While companies saw strong growth for the month, shortages of staff, raw materials and transport led to the slowest growth in new orders since shortly before the lifting of coronavirus lockdowns in early 2021.

The end of the tax break for home buyers at the end of September was also cited by some firms surveyed as a reason for the slowdown in new orders.

Companies saw strong growth in September but higher costs were passed on to consumers.

The IHS Markit/CIPS composite Purchasing Managers’ Index, which combines the UK’s services and manufacturing sectors, edged up to 54.9 from 54.8 in August, the first time it did not fall since May. A reading above 50 indicating expansion.

Around 34 per cent of firms reported an increase in output during the month, while only 13 per cent signalled a reduction.

Where firms saw higher levels of activity, this was attributed to strong consumer confidence and favourable business conditions after pandemic restrictions were lifted.

Where companies saw a fall in activity, they cited supply chain disruptions and shortages of staff, especially in the hospitality sector.

Job vacancies in the UK are currently at a record high, but a lack of candidates to fill vacancies and persistently high numbers of departing staff acted as a considerable brake on employment growth during September.

Input costs also rose sharply for services firms but they grew more slowly for manufacturers.

The data emerges as the Bank of England is squarely focused on recent inflation, which is so far looking less ‘transitory’ than the central bank had first insisted. As a result, the BoE last month said the case for an interest rate hike had strengthened.

In addition, IHS Markit, which compiles the data, said the data had yet to fully reflect the inflationary impact of Britain’s fuel crisis and surging energy prices.
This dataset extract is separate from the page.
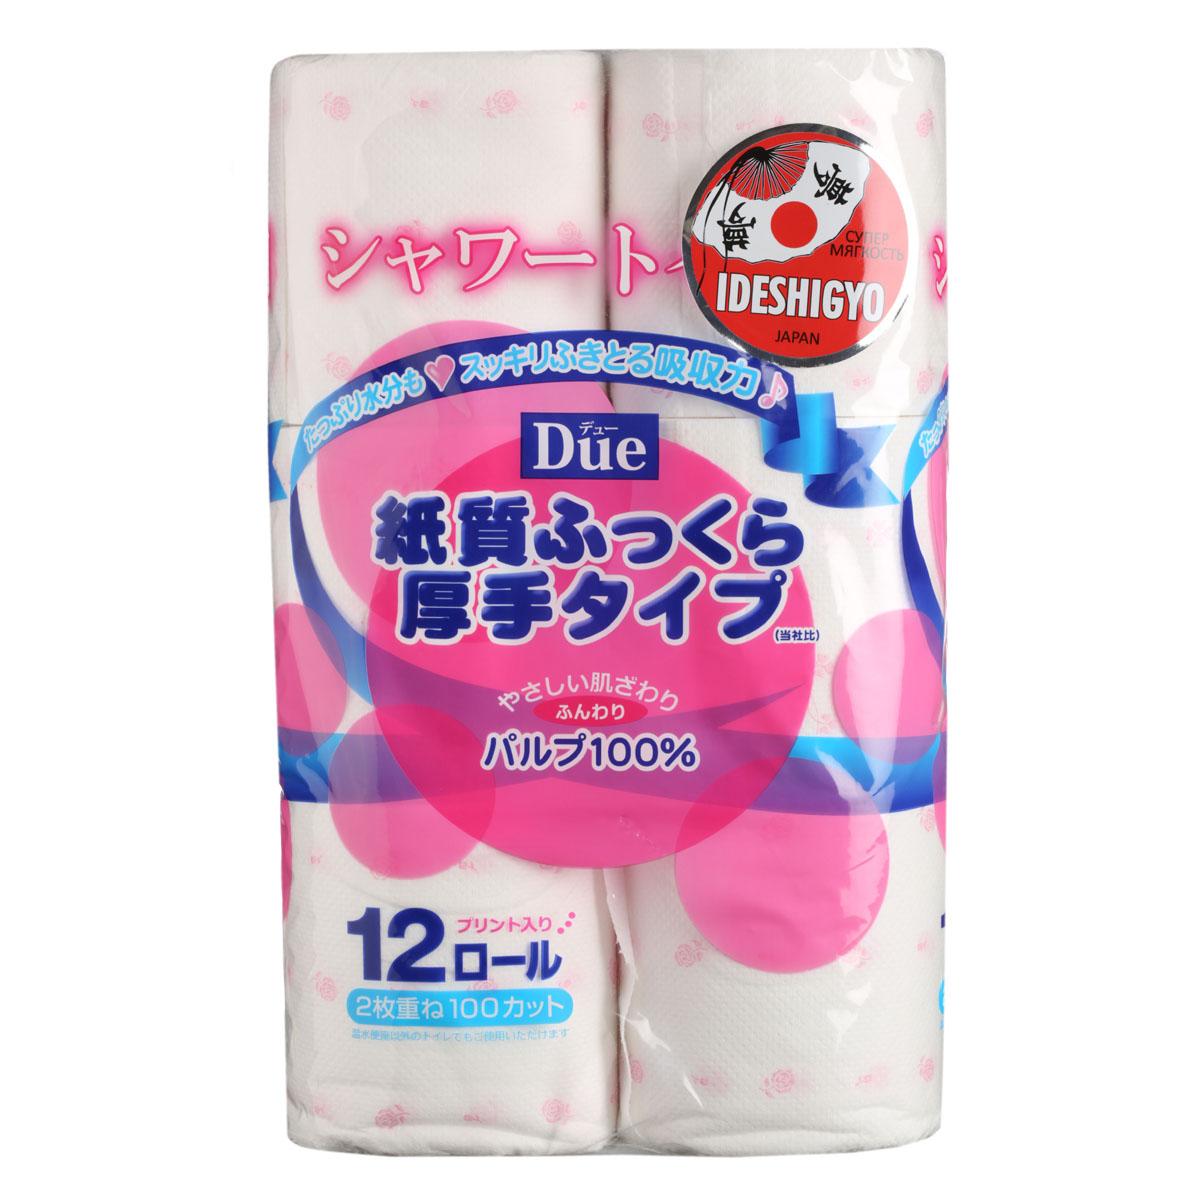 Туалетная бумага IDESHIGYO DUE, 2-х слойная, 12 рулонов13425Отличительной особенностью туалетной бумаги IDE является использование целлюлозы с длинными волокнами, что обеспечивает бумаге хорошую гибкость и нежное прикосновение. /Мгновенно впитывает даже большое количество воды, поскольку между слоями бумаги есть воздушное пространство, что позволяет сократить объемы используемой бумаги на треть./Глубокие линии тиснения обеспечивают надежное соединение слоев и прочность бумаги. Туалетная бумага IDE изготовлена из природных материалов и воды из источников Фудзи, без использования флуоресцентных красителей./В упаковке представлены 3 вида дизайна туалетной бумаги./Подходит также для применения в качестве бумажных полотенец для биде./Состав: натуральная 100% целлюлоза./Срок годности не ограничен./

Senior economic advisor to the EY ITEM Club Martin Beck said the ‘short-term acceleration’ of inflation is ‘squeezing living standards’ but ‘supply constraints should gradually ease’.

‘The recovery is unlikely to be brought to a halt by supply-side pressures.’

A reading above 50 indicates expansion and it was the first time the index did not fall since May

A reading above 50 indicates expansion and it was the first time the index did not fall since May 

Economics director at IHS Markit Tim Moore added: ‘The supply chain crisis put a considerable brake on recovery in the UK service sector during September.

‘Tight constraints on business capacity and rampant supply chain uncertainty meant that service providers have become more willing to pass on higher costs to customers.’

Commenting on the question of staffing issues, group director at the Chartered Institute of Procurement & Supply Duncan Brock said: ‘Though job creation was maintained in September, the services sector still had obstacles to overcome in terms of skills gaps and talent shortages as the competition for good employees deepened.

‘Whilst many paid higher wages to secure necessary skills, some others responded with redundancies as furlough support ended and operations were restructured, leaving a mixed employment picture.’